# Whistling on 2000 Altima GXE?



## tyzhet (Oct 18, 2006)

Hey guys,

65K, just bought from private, no problem on test drive.
But this morning I heard some whistling from the engine when slightly stepped on accelerator at LOW speed. Not always exists, I will say 80% chance to hear that.
Does anybody have any advice? Fuel injector? Loosed belt?Thanks a lot.


----------



## JGG8891 (Sep 24, 2005)

A lot of nissan seem to do that, (I guess it our hidden super secret turbo).


----------



## JGG8891 (Sep 24, 2005)

It imo comes from somewhere in the intake.


----------



## tyzhet (Oct 18, 2006)

*I guess I found something*

I changed spark plugs today and I found some engine oil in the one close to the oil filler cap. After cleaning, the whistling is much less.

Right now I am curious where did the engine oil come from??? I did spill some last time I changed engine oil, no idea....


----------



## Ryan's Altima (Aug 29, 2006)

I'm noticing a whistling noise too, just by chance are you in a northern state where its colder? I had oil in my spark plugs about 3 months ago, I also had it in my 98 altima gxe, its the valve cover gasket and ran me about $300 to fix both times. Very common problem, but I never had a whistling noise till now, and I dont have oil in my spark plugs. So Im thinking its not because you had oil in your spark plugs, If you figure out the problem Id really like to know what it is, I thought it was brakes or something.....


----------



## tyzhet (Oct 18, 2006)

I think it's from transmission 'cause the whistling starts since I switch from P to D or R, even the car does not move at all. I changed the transmission oil also, maybe that's why it's much less.


----------



## Ryan's Altima (Aug 29, 2006)

Hmmm, yea, I think this will be the last nissan I buy. I've never had more problems with a car than this one, as you can see I'm a regular on the problem forum.


----------



## LONDONDERRY (May 19, 2004)

Ryan's Altima said:


> Hmmm, yea, I think this will be the last nissan I buy.
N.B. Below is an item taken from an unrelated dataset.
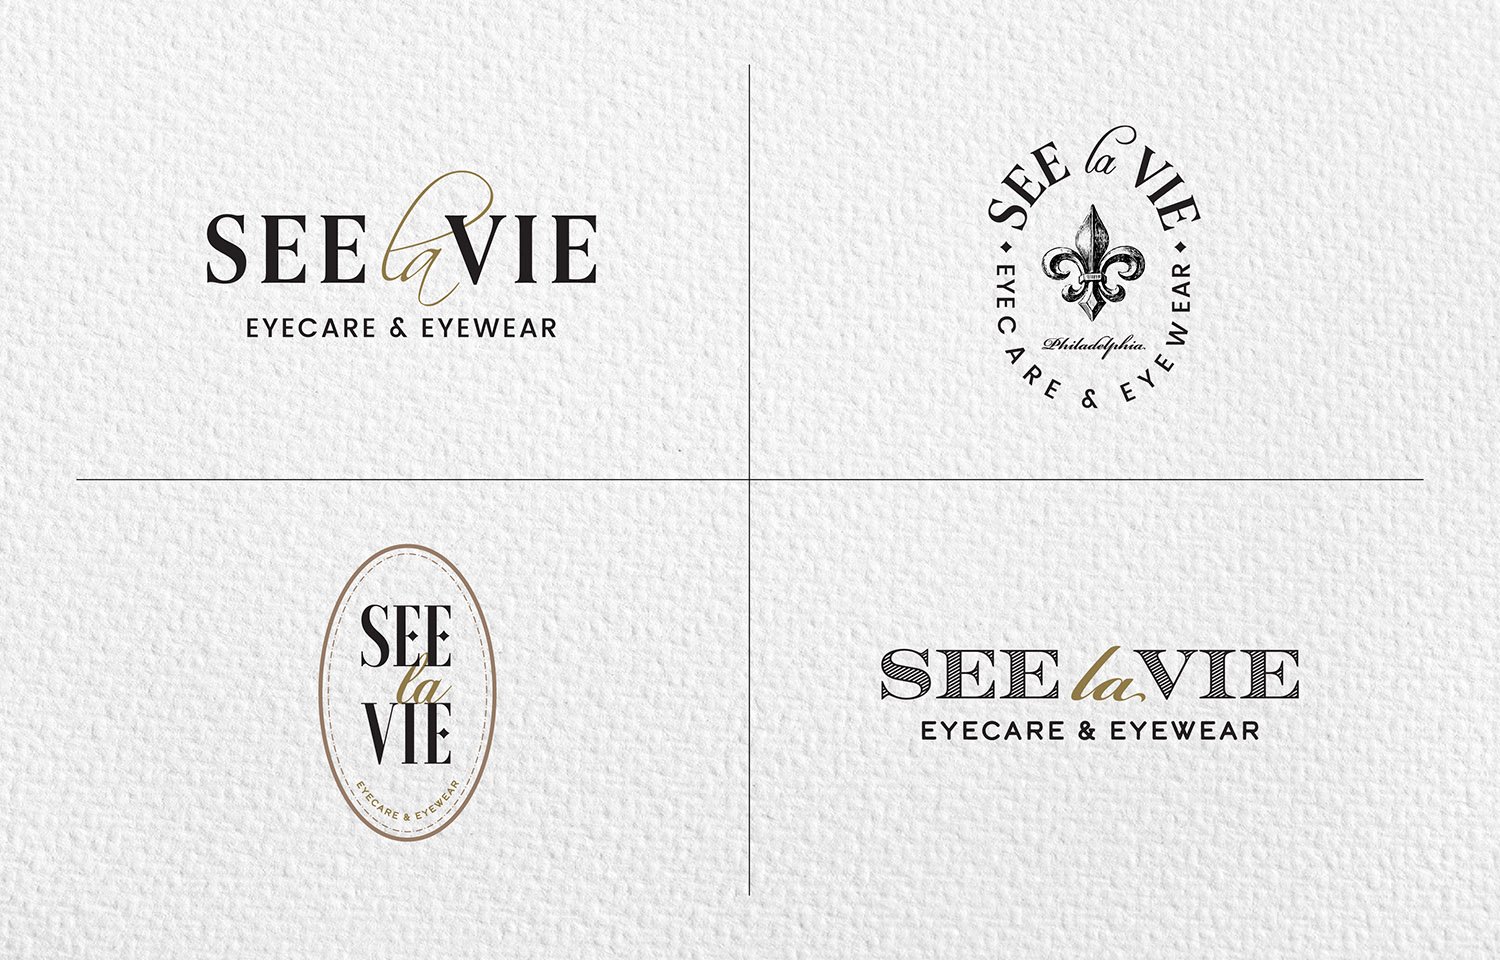 See La Vie optometry logo and brand identity

I've never had more problems with a car than this one, as you can see I'm a regular on the problem forum.



You possibly have a vacuum leak somewhere. I understand the frustration with your Altima, but keep in mind very few 8-9 year car don't experience any problems.

Frank


----------



## tyzhet (Oct 18, 2006)

Ryan's Altima said:


> I'm noticing a whistling noise too, just by chance are you in a northern state where its colder? I had oil in my spark plugs about 3 months ago, I also had it in my 98 altima gxe, its the valve cover gasket and ran me about $300 to fix both times. Very common problem, but I never had a whistling noise till now, and I dont have oil in my spark plugs. So Im thinking its not because you had oil in your spark plugs, If you figure out the problem Id really like to know what it is, I thought it was brakes or something.....


How come it costs so much to change the valve cover gasket? If I am right, <$60 for parts, and looks not so difficult to replace?


----------



## Ryan's Altima (Aug 29, 2006)

tyzhet said:


> How come it costs so much to change the valve cover gasket? If I am right, <$60 for parts, and looks not so difficult to replace?



Well, try it once, tell me how it goes


----------